Thursday, February 6, 2020

Lily Cole Has Swapped The Catwalk For Climate Strikes, Carbon Offsetting And Cautious Optimism

Many of the guests in London for British Vogue’s Fashion & Film party were fresh from Hollywood, enjoying the latest stop on an awards season circuit that kicked off with the Golden Globes and will draw to a close with the Oscars this weekend. Lily Cole, meanwhile, was fresh from the slightly less sunny, and certainly less star-studded, Davos. This contrast – addressing the climate crisis at the World Economic Forum one day, joining Rihanna and Bradley Cooper in Annabel’s the next – is illustrative of the vastly different worlds Cole manages to straddle, having gone from catwalk wunderkind to Cambridge graduate to filmmaker, author and environmental activist.

Cole travelled to Switzerland (by train) to meet scientists and youth delegates at Arctic Basecamp, an expedition tent that has been set up on the outskirts of the forum for four years running now, in a bid to keep the climate emergency uppermost in the minds of the politicians and business leaders attending. The tent serves as the scientists’ workplace during the day, but also their accommodation overnight. “The realities of climate change will make us uncomfortable,” points out Cole, who says she’d been “quite keen” on the idea of camping herself ahead of the trip, but readily admits she didn’t envy the Basecamp team when she arrived in Switzerland to sub-zero overnight temperatures. The problem isn’t the cold though – quite the opposite. “The science is getting scarier,” says Cole, “because we’ve been largely ignoring what the scientists have been saying for decades.” She cites a landmark IPCC report that warned in 2018 we had just 12 years left in which to keep global warming to a maximum of 1.5C, in order to stave off climate catastrophe.

“That report moved the needle,” Cole goes on. “[Climate change] started to feel real. And coinciding with that... you have this really powerful protest movement.” She’s talking, of course, about the global wave of school strikes spearheaded by 17-year-old Greta Thunberg, who was also at Davos, where she accused the World Economic Forum of ignoring the demands of the climate movement in characteristically brusque fashion. “It really moved me,” says Cole of hearing Thunberg speak. “We’ve got a situation where we have, effectively, children trying to persuade the adults to listen to the scientists.”

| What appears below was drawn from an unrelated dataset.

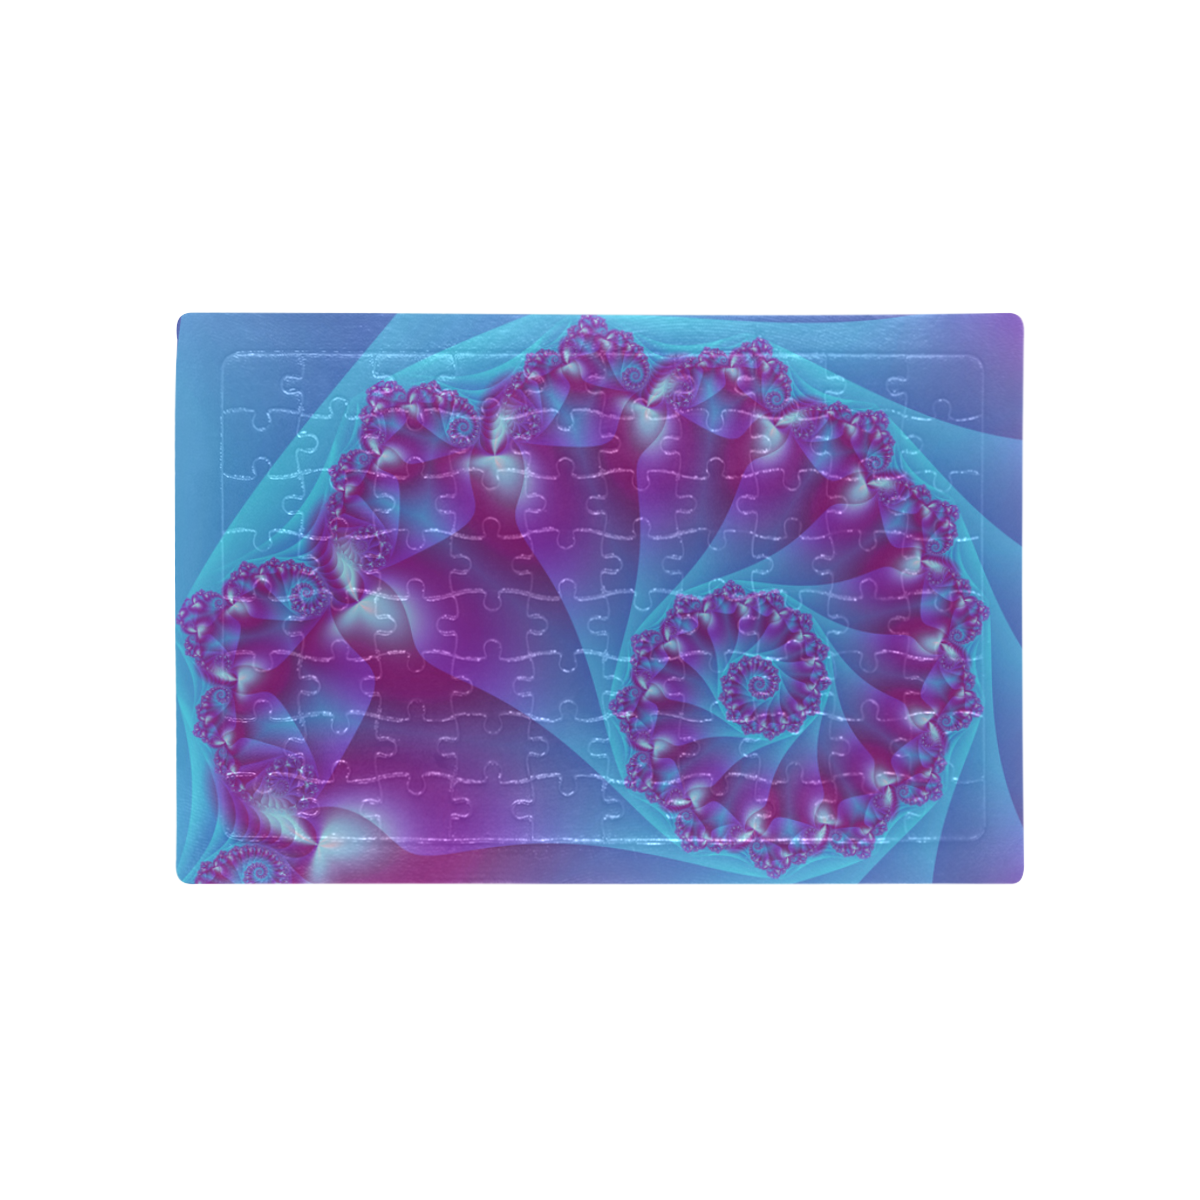 Blue and Purple Fractal Spiral Puzzle A4 Size Jigsaw Puzzle (Set of 80 Pieces)

Cole is full of admiration for the schoolgirl activist and the youth delegates at Davos, but her own social conscience kicked in early, too. “In my teens I went through a period of trying to work out where to channel my energy,” is how she explains the path that has taken her from Chanel’s couture catwalk aged 18 to, last December, standing in solidarity with Extinction Rebellion hunger strikers outside Conservative Party Headquarters. In the intervening years, she’s established her own social enterprise, teamed up with the WWF to support wild rubber tappers in the Amazon, publicly declared her allegiance to the ethical bank Triodos, and acted as an early champion of sustainable fashion (she spent her days in Switzerland swaddled in a vintage Jean Paul Gaultier coat). Despite growing up a “proper urban kid” in London, Cole had realised that the environment is the point at which all of her passions converge – and focused her efforts accordingly. “Climate change is a problem that affects everything, every person,” she says. “It’s the rug underneath it all.”

Despite the urgent need for faster and far more drastic action to curb emissions, Cole says she was cheered by the impact Arctic Basecamp has had since founder Professor Gail Whiteman and her team first set up camp at Davos in 2017, determined to put evidence of global warming they’d witnessed first-hand in the Arctic in front of the people who needed to see it most. Climate change was something of a fringe topic when Cole first attended the forum some six years ago, she says, but in 2020 it was “high on the agenda across the board”. “These are Arctic scientists talking about their experiences of climate change on the ground,” she says. “That’s hard to argue with.”

“Climate optimism” is the stance Cole says she’s had to adopt for her own sanity, and the same one that informs the book she’s written, set to be published by Penguin this summer. At a time when newspaper headlines grow bleaker by the day, Who Cares Wins: Reasons For Optimism In Our Changing World is a clarion call: a reminder of the power of the individual to make a difference. “From our purchasing power to our political voice, we are all part of this ecosystem, no one person out there is going to fix it,” says Cole, quoting the zero waste chef Anne-Marie Bonneau: “We don’t need a handful of people doing zero waste perfectly, we need millions of people doing it imperfectly.”

Essentially, Cole wants to see us focus less on what we do wrong, and more on what we can do right. “There is so much rhetoric around perfectionism and calling people out,” says Cole. “I’m trying to travel a lot less, and I came here by train. But there are some things I have to do by plane, so I offset [the carbon emissions from the flight] when I do... I try to make my peace with it. I’m doing the best I can, but I’m okay with not being perfect.” Her best looks pretty impressive from here.